The properties of the sintered metal composite materials containing two or more components depend to a great extent on how well the starting materials are mixed. An ideal mixture of particles of two or more kinds especially if one of the components occurs as a minor constituent (which is the case for the binder phase in ordinary metal composite materials) is difficult to obtain. In practice, after extended mixing a random rather than an ideal homogeneous mixture is obtained. In order to obtain an ordered mixing of the components in the latter case, the minor component can be introduced as a coating. The coating can be achieved by the use of various chemical techniques. In general, it is required that some type of interaction between the coated component and the coating be present, i.e., adsorption, chemisorption, surface tension or any type of adhesion.
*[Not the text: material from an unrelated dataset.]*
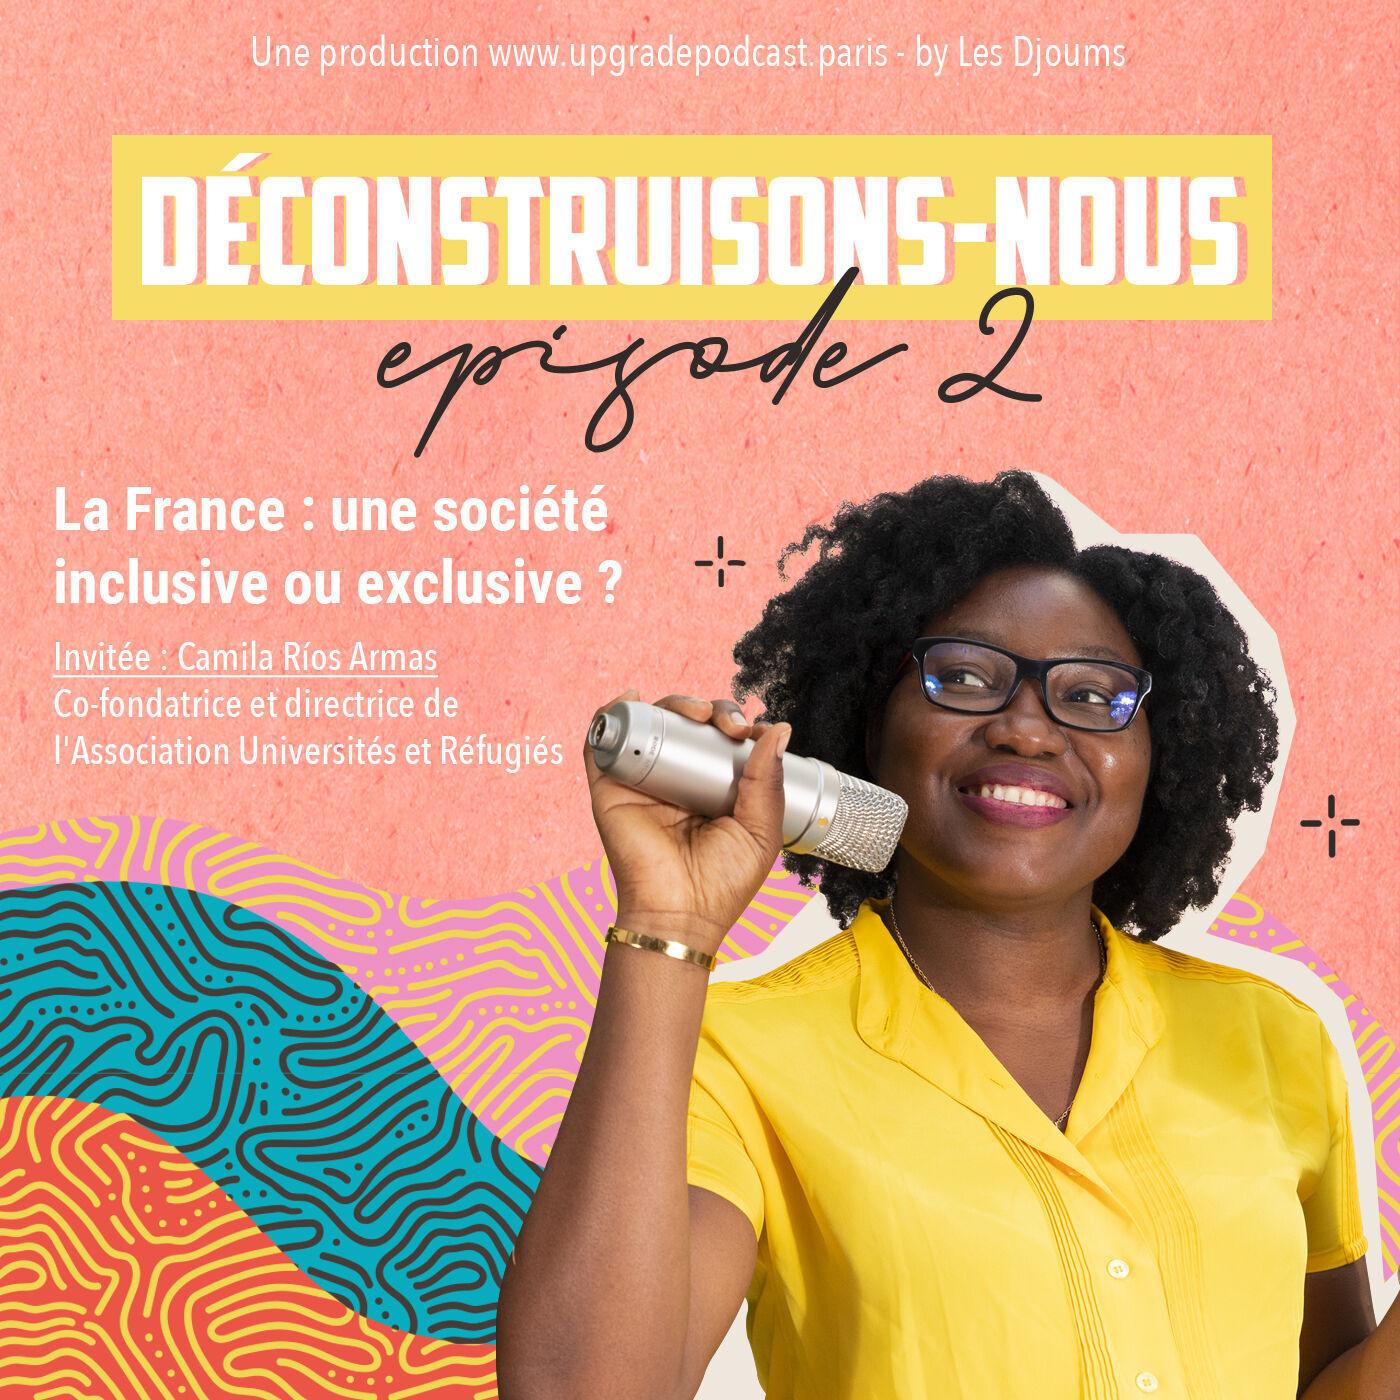 Episode 2: La France: une société inclusive ou exclusive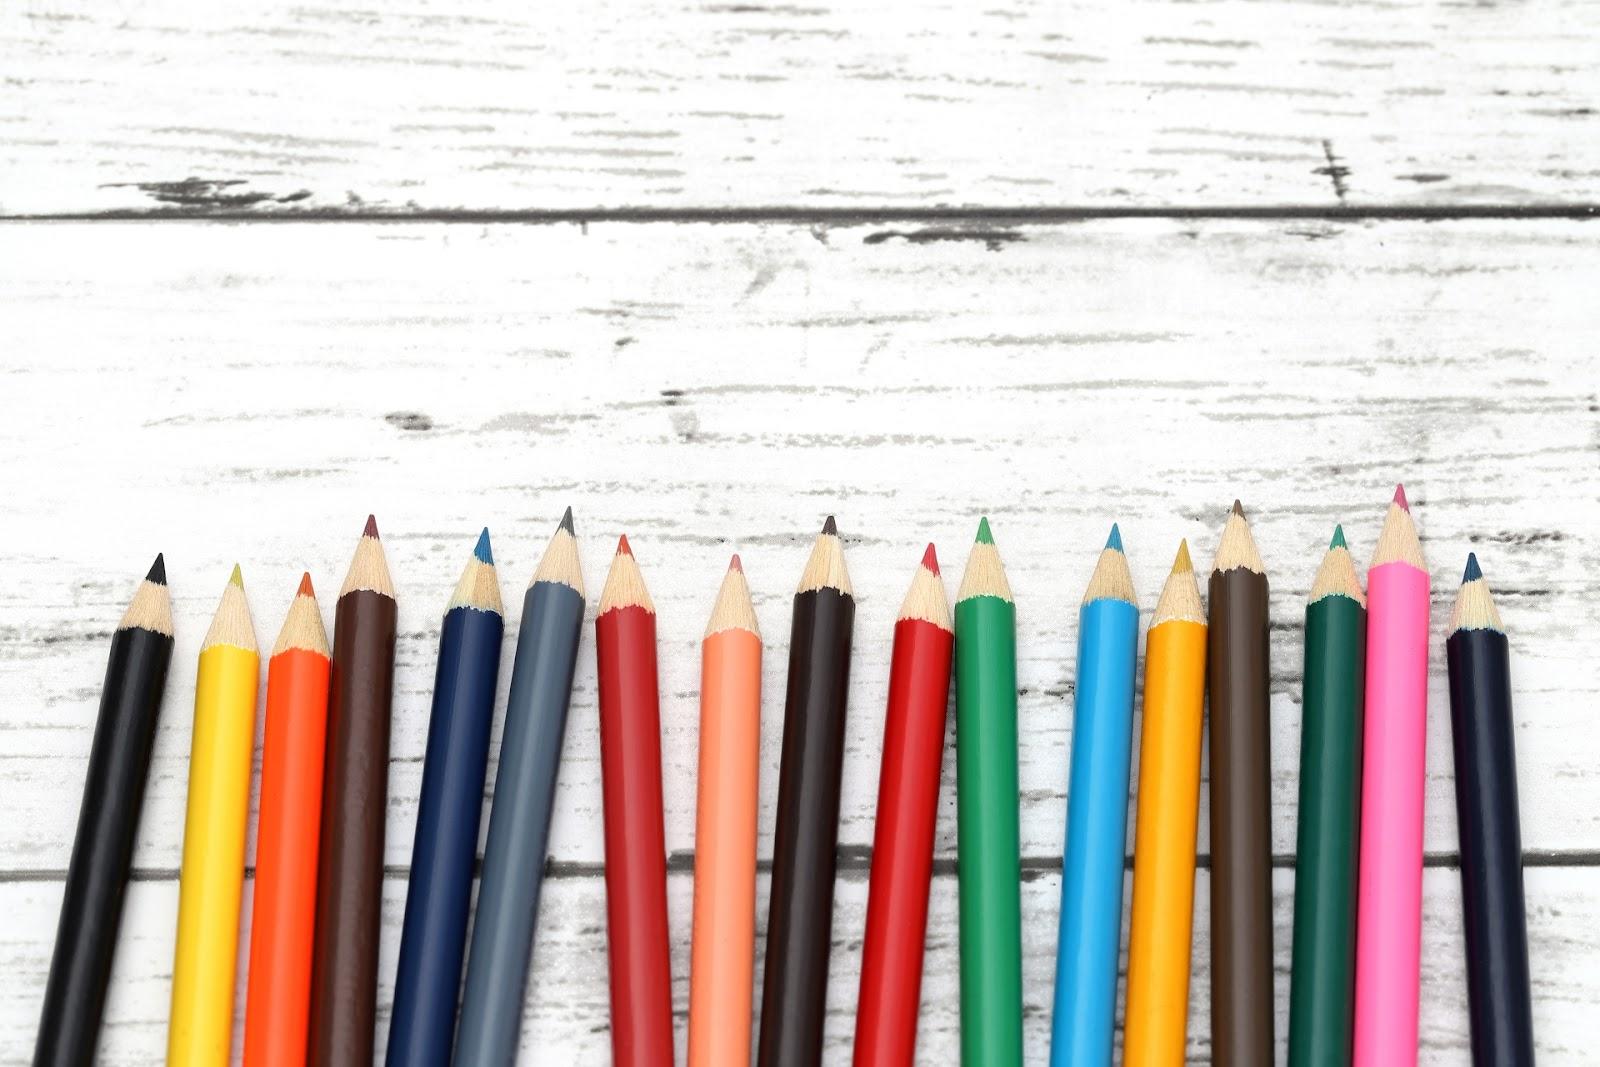 並べられた色鉛筆

U.S. Pat. No. 4,539,041 discloses the well known polyol process. This process is being used today for the manufacture of cobalt and nickel metal powders with a small particle size. These metal powders can, for example, be used for the production of hard materials as disclosed in WO SE92/00234. In this process a number of transition metals such as Co, Ni, Cd, Pb as well as more easily reducible metals such as Cu and precious metals can be reduced to the metallic state by a polyol such as: ethylene glycol, diethylene glycol or propylene glycol. A complete reduction is obtained after about 24 hours and the metal is precipitated as a fine powder. The reaction proceeds via dissolution with the polyol functioning both as a solvent and as a reducing agent at the same time.
It is an object of this invention to avoid or alleviate the problems of the prior art.
The invention provides a method of making a metal coated hard constituent powder. The method includes forming a suspension of hard constituent powder and a metal compound and forming a metal coating on the hard constituent powder by reducing the metal compound with a polyol while keeping the hard constituent powder in suspension. The polyol functions both as a solvent and as a reducing agent at the same time and is present in an amount of at least five times more moles polyol than moles metal.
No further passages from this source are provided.